Kristin shook her head with a little smile. “I’m afraid my children seem to think I have an overbearing desire to take charge.”

Gaute turned to face her. She took one of his hands in hers and placed her other hand on his shoulder as she implored him to believe that she was not ungrateful toward him or Jofrid; she asked God to be with him. Then she turned him toward his horse, and with a laugh she gave him a thump between his shoulders for good luck.

She stood gazing after him until he disappeared beneath the cliff. How handsome he looked riding the big blue-black horse.

She felt so strange. She sensed everything around her with such unusual clarity: the sunsated air, the hot fragrance of the pine forest, the chittering of tiny sparrows in the grass. At the same time she was looking inside herself, seeing pictures the way someone with a high fever may believe she is peering at inner images. Inside her there was an empty house, completely silent, dimly lit, and with a smell of desolation. The scene shifted: a tidal shore from which the sea had retreated far away; rounded, light-colored stones, heaps of dark, lifeless seaweed, all sorts of flotsam.

Then she shifted her travel bag to a more comfortable position, picked up her staff, and set off down toward the valley.

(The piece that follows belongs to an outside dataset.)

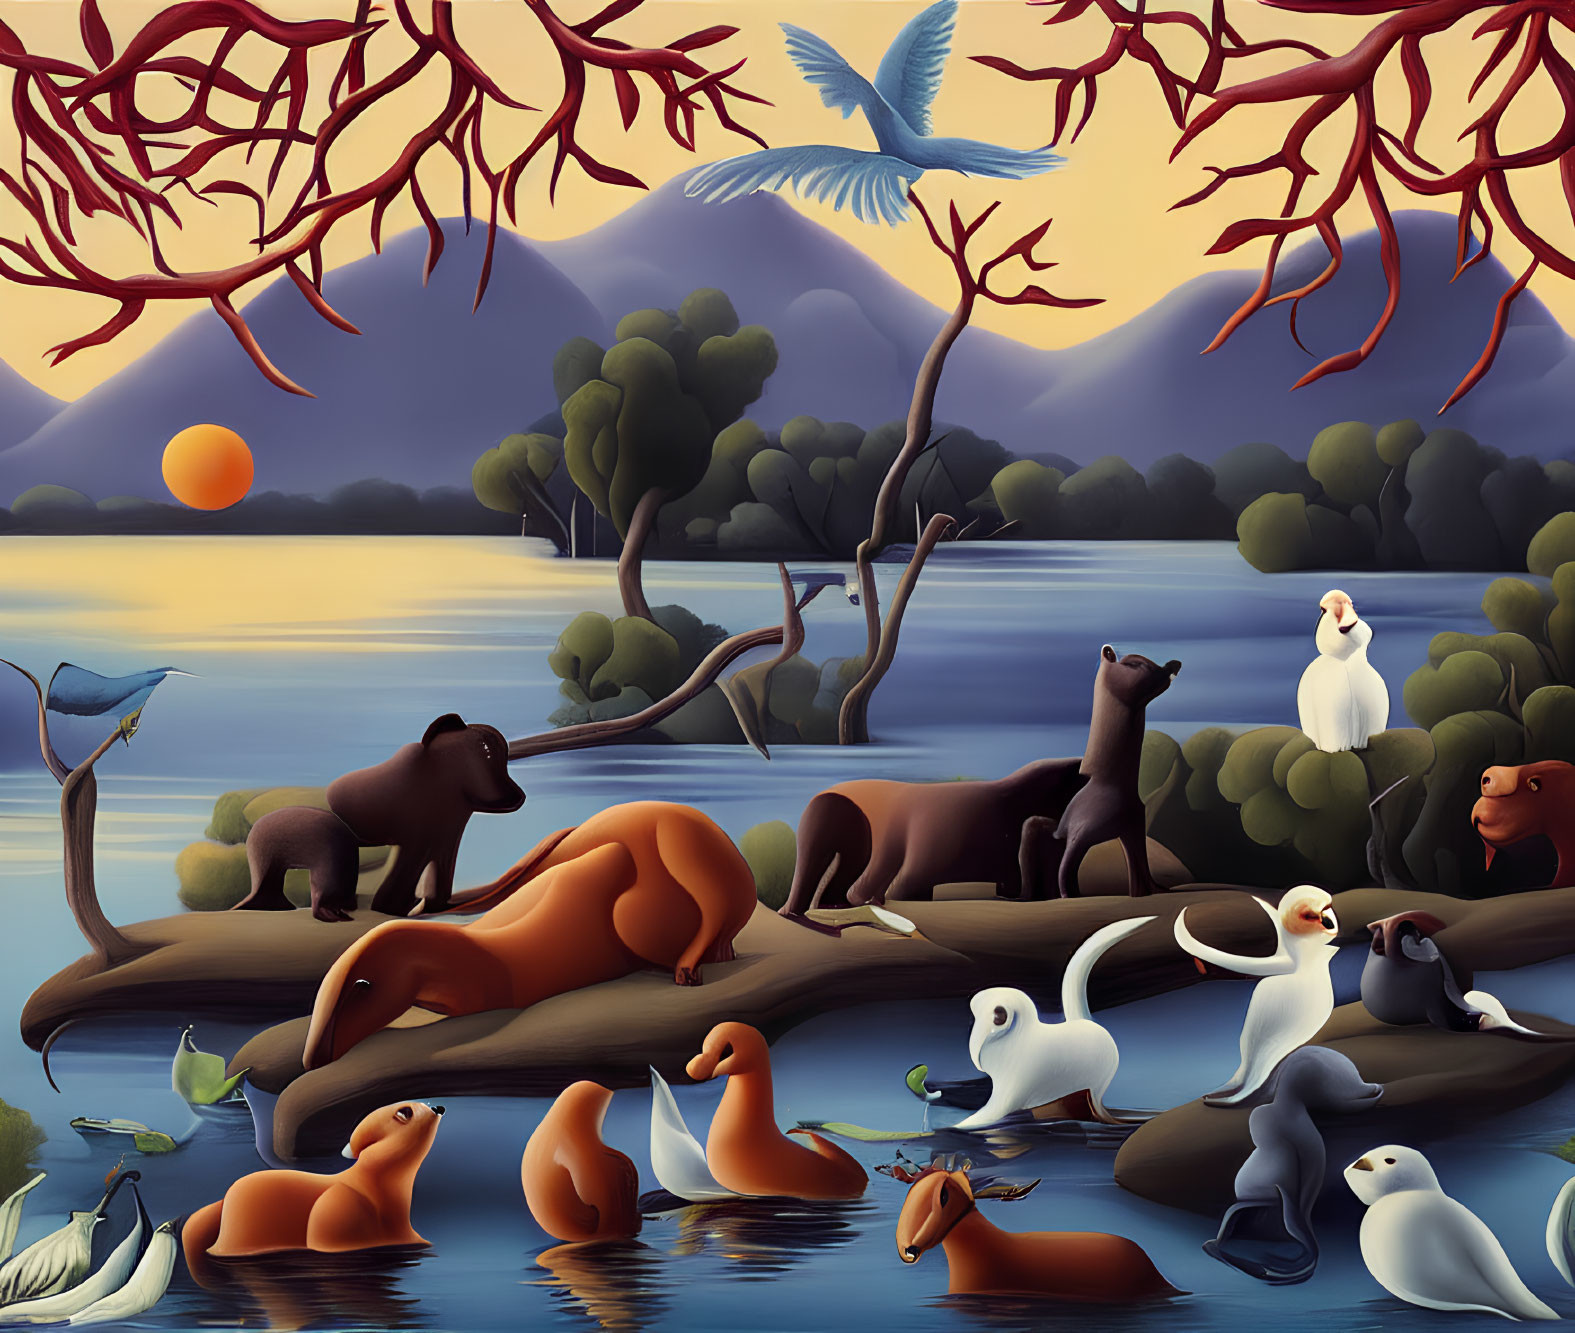 Stylized painting of animals by lake at sunset

If she was not meant to come back, then it was God’s will and useless to be frightened. But more likely it was because she was old. . . . She made the sign of the cross and strode faster, longing just the same to reach the hillside where the road passed among farms.

Only for one short section of the public road was it possible to see the buildings of Haugen high on the mountain crest. Her heart began hammering at the mere thought.

As she had predicted, she met more pilgrims when she reached Toftar late in the day. The next morning she was joined by several others as they all set off into the mountains.

A priest and his servant, along with two women, his mother and sister, were on horseback, and they soon pulled far ahead of those on foot. Kristin felt a pang in her heart as she gazed after another woman riding between her two children.